What you should do =
Your copy of the lines below must match them exactly and contain no images.

Collected data =
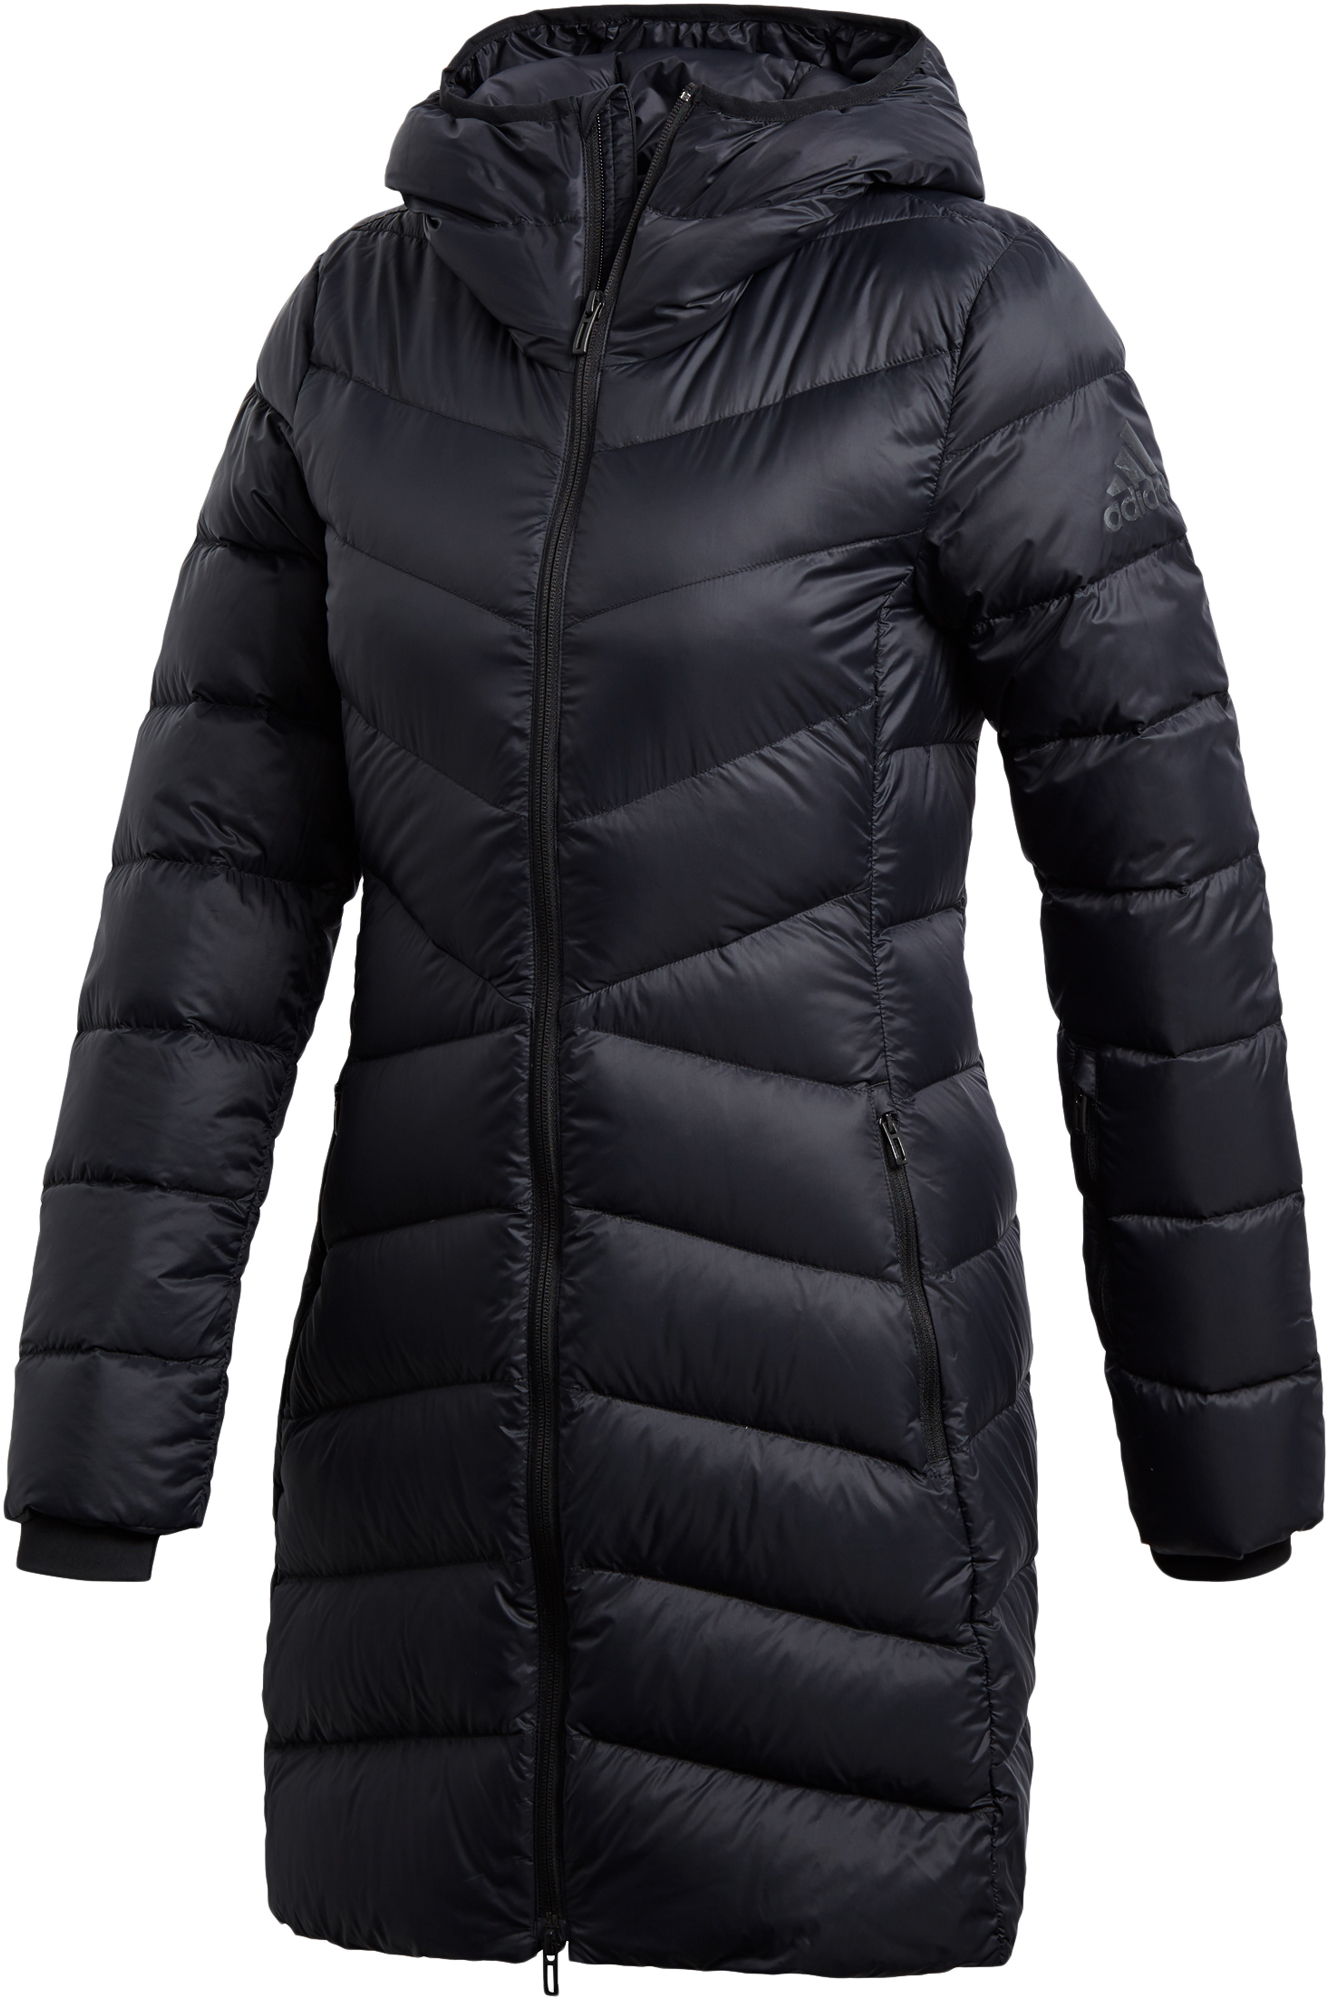 Adidas Куртка пуховая женская Nuvic, размер 52-54
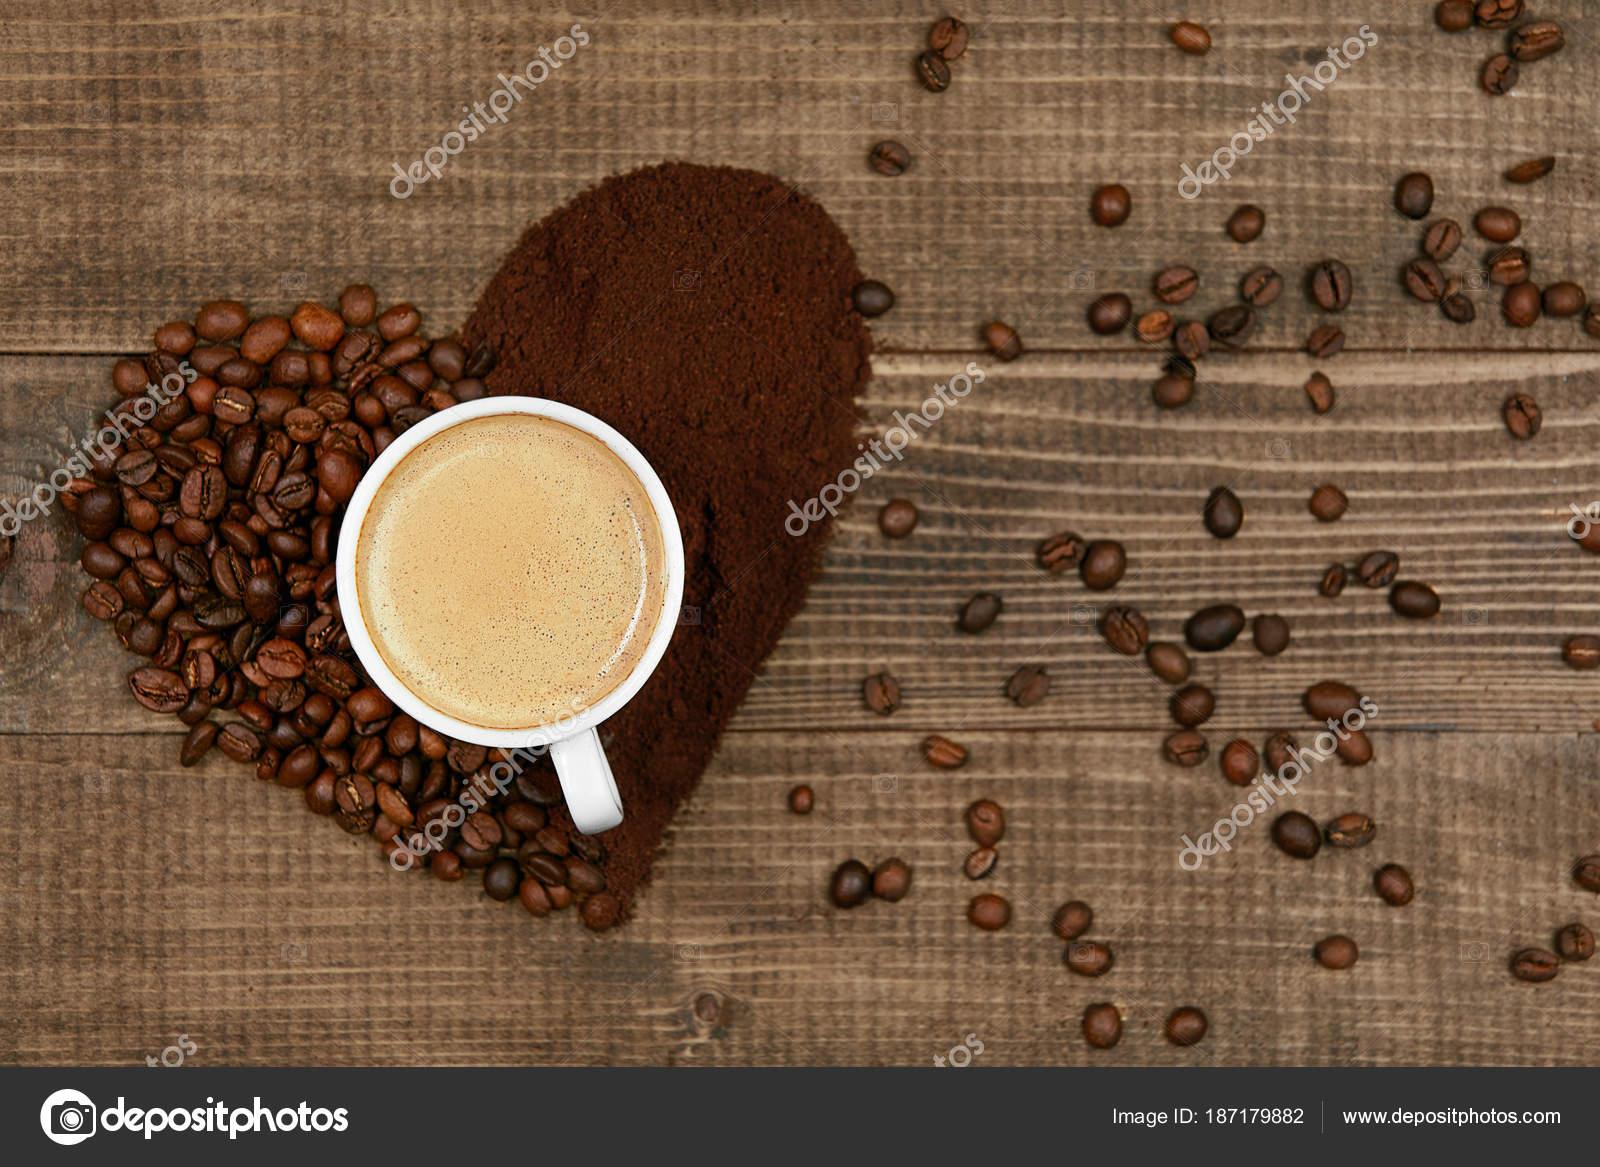 love coffee tasse de cafe et cafe coeur photographie puhhha c 187179882
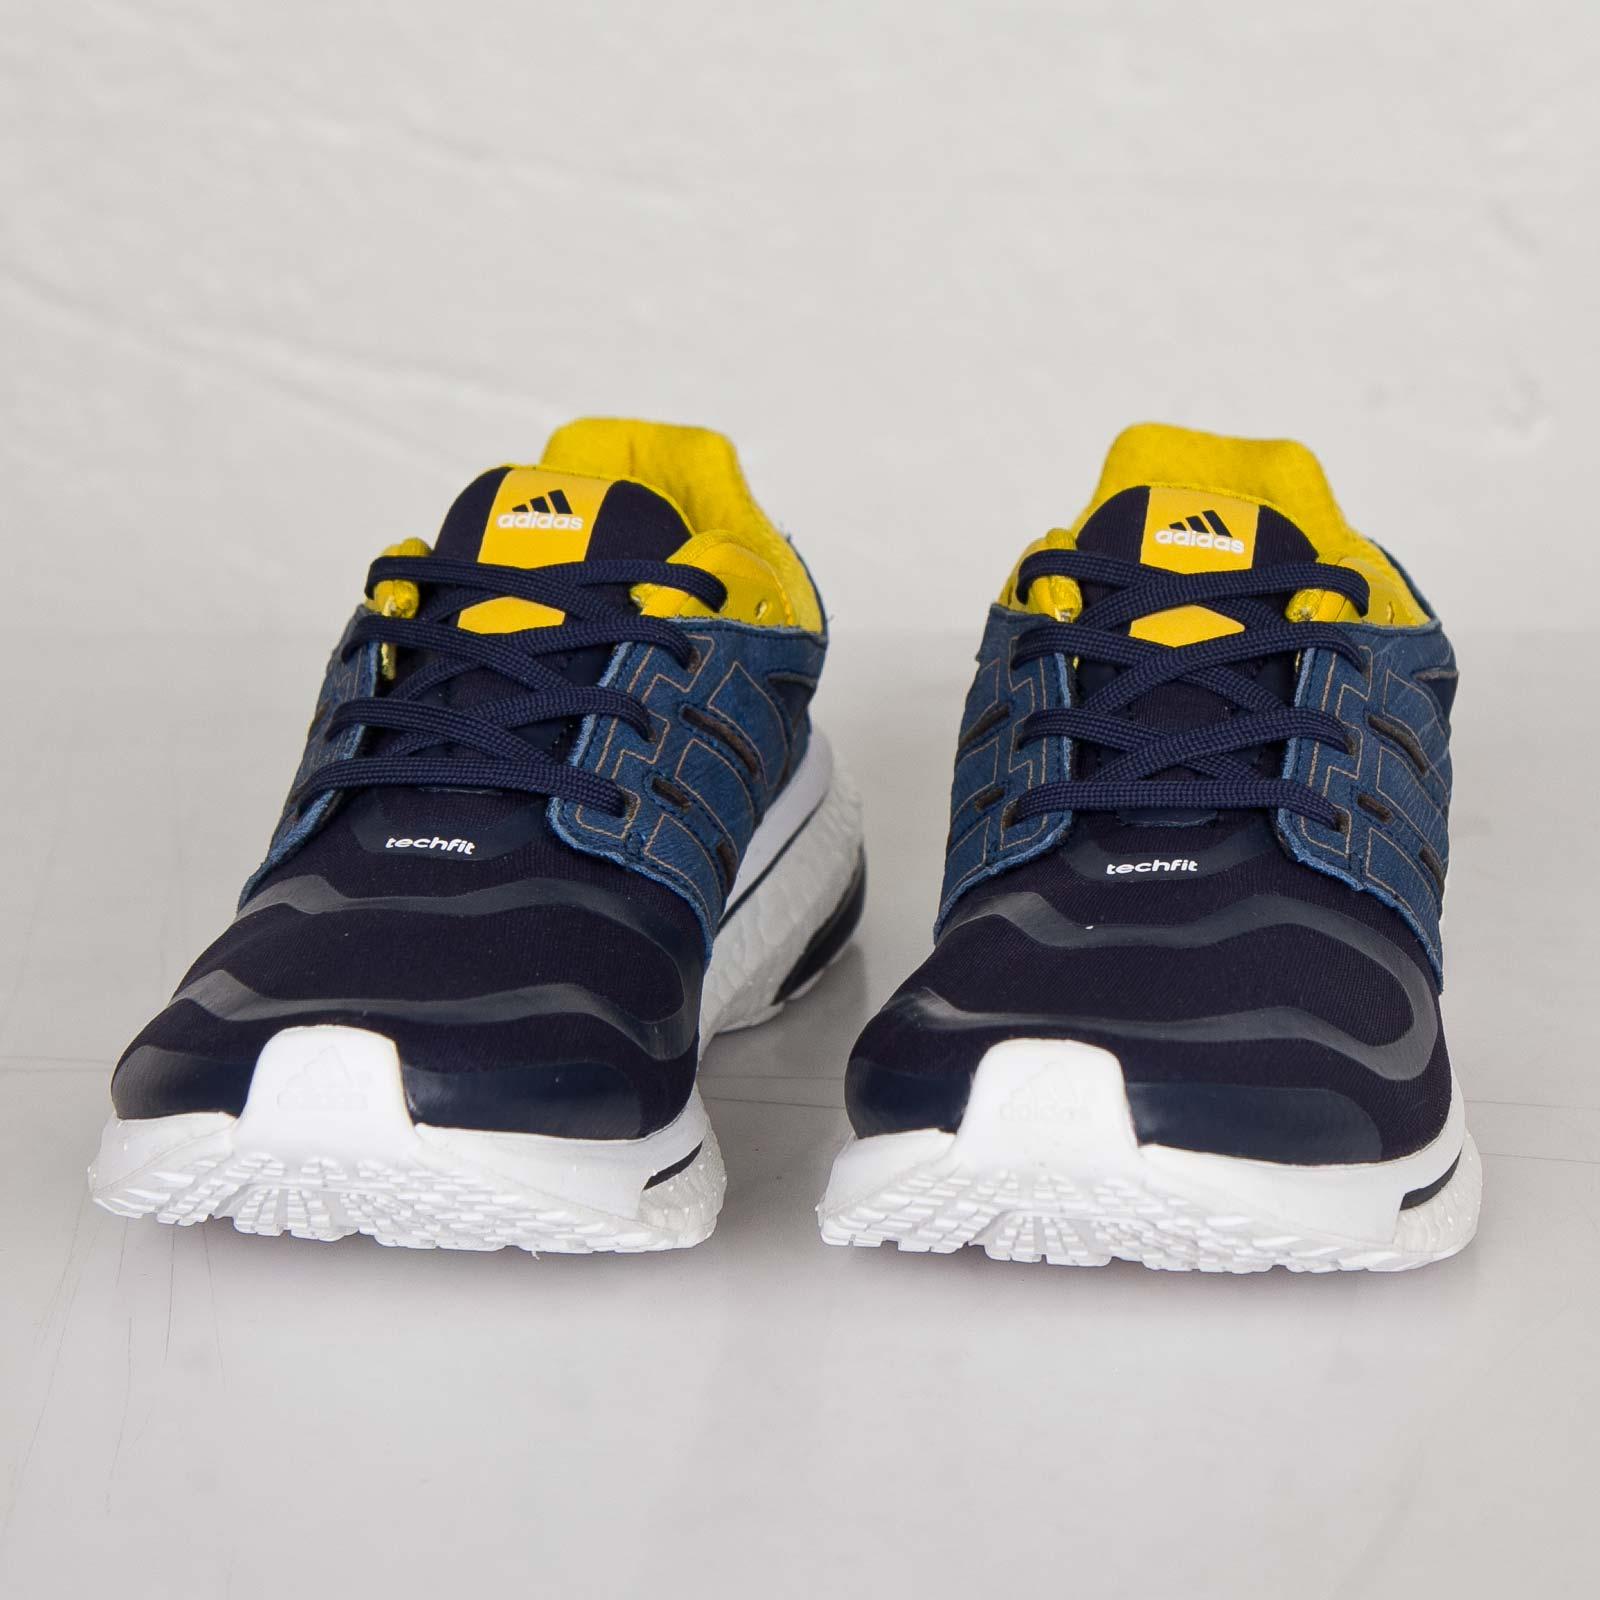 L'impulso b27203 scarpe da ginnasticanstuff scarpe adidas.

Your solution =
 Adidas Куртка пуховая женская Nuvic, размер 52-54
 love coffee tasse de cafe et cafe coeur photographie puhhha c 187179882
 L'impulso b27203 scarpe da ginnasticanstuff scarpe adidas.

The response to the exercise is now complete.